For each of these rows, we create a new BudgetEntry object and return the list of entry generated as result of this method.

private Collection<? extends BudgetEntry> getBudgetEntries(Range dataRange, String deptName) {
    List<BudgetEntry> entries = new ArrayList<BudgetEntry>();
    for (int i = dataRange.getRow(); i < dataRange.getRow() + dataRange.getRowCount(); i++) {
        List<Number> periodList = new ArrayList<Number>();
        for (int j = 1; j <= 4; j++) {
            periodList.add((Number)Ranges.range(dataRange.getSheet(), i, j).getCellValue());
        }
        entries.add(new BudgetEntry((String)Ranges.range(dataRange.getSheet(), i, 0).getCellValue(),deptName, periodList));
    }
    return entries;
}

Code sample on GitHub

Merging datasets

As mentioned above, this is pure data manipulation in Java code. There is no Keikai or ZK feature used here, and we are free to implement this merging operation as we want. I have made the choice to only run through the initial result list once for efficiency, but there we can pull from the large pool of existing algorithms.

Code sample on GitHub

Writing back to the sheet

Once we have merged our main dataset into two exploitable summary sets, we only need to write them back to the sheet.
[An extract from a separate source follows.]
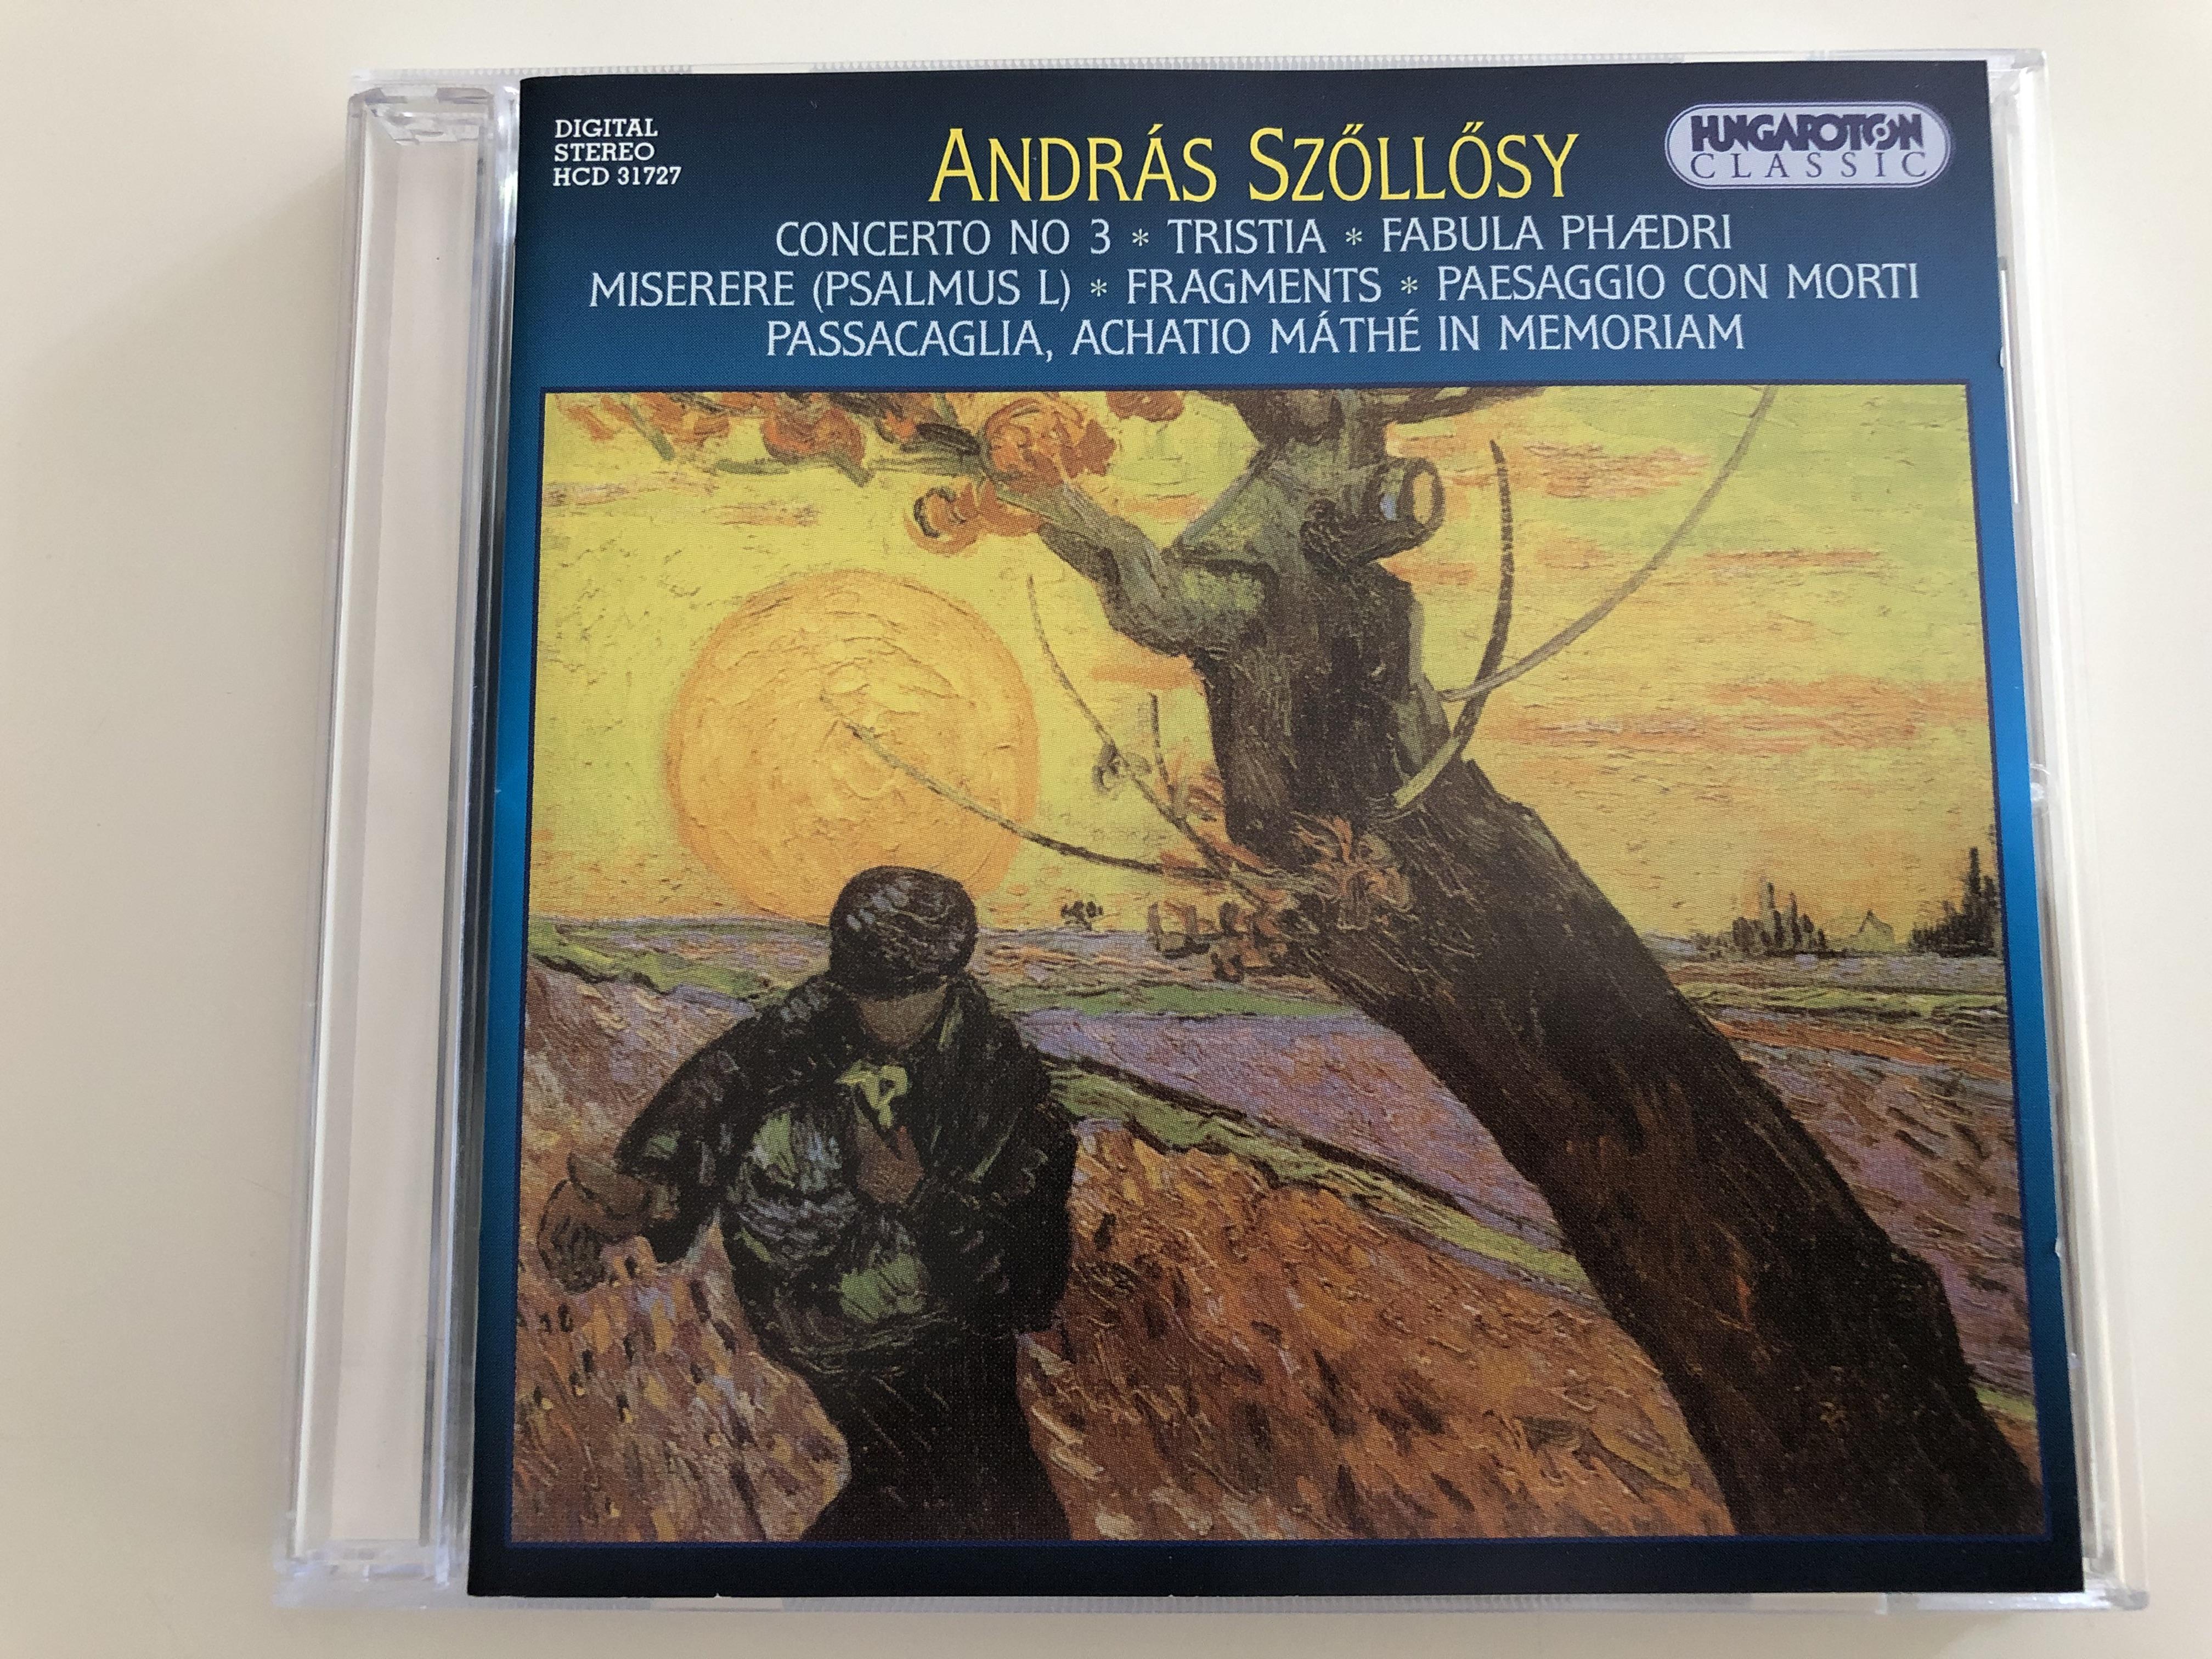 andr-s-sz-ll-sy-concerto-no-3-tristia-fabula-ph-dri-miserere-psalmus-l-hungaroton-classic-audio-cd-2002-hcd-31727-1-.jpg
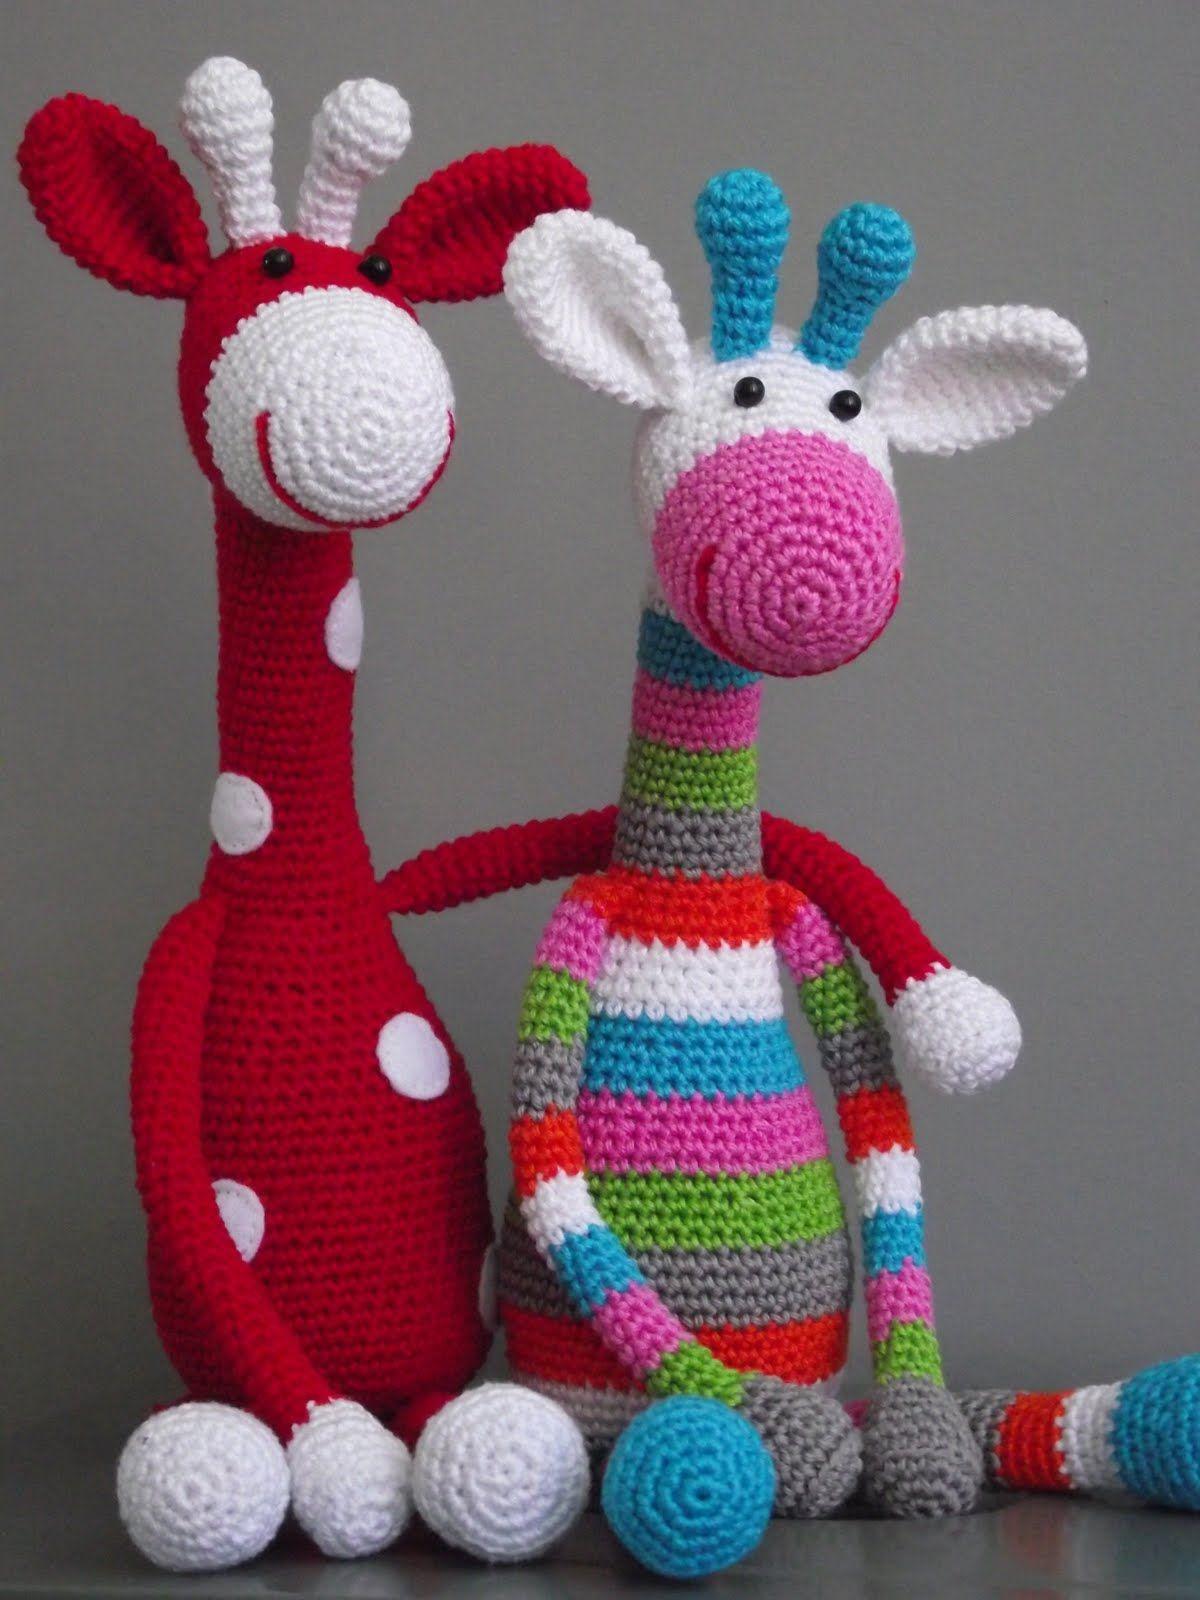 Crochet Giraffe The Cutest Ideas Ever | Ganchillo, Jirafa y Tejido

This is almost identical to the reading process, except instead of using .getCellValue() to retrieve data, we will use .setCellValue() to write data back to the sheet.

private void fillPeriodTable(Range periodTable, Map<String, List<Number>> mergedMap) {
    for (int i = periodTable.getRow(); i < periodTable.getRow() + periodTable.getRowCount(); i++) {
        String rowLabel = (String) Ranges.range(periodTable.getSheet(), i, 0).getCellValue();
        for (int j = 0; j < 4; j++) {
            Ranges.range(periodTable.getSheet(), i, j+1).setCellValue(mergedMap.get(rowLabel).get(j));
        }
    }
}   

Code sample on GitHub

The Resulting App

Here’s a short video of the updated workflow:

Every team leader can now work on the same document directly, and the Java workflow offer a quick and efficient summary of the data based on our customized merging workflow.

Conclusion

By balancing the use of default spreadsheet features and leveraging the unique possibilities of extracting data from the sheet to highly customizable Java coding layer, we can create efficient workflows that make full use of both the relations between cells in the sheet, and the power of a full coding language.

The whole runnable project is available on GitHub.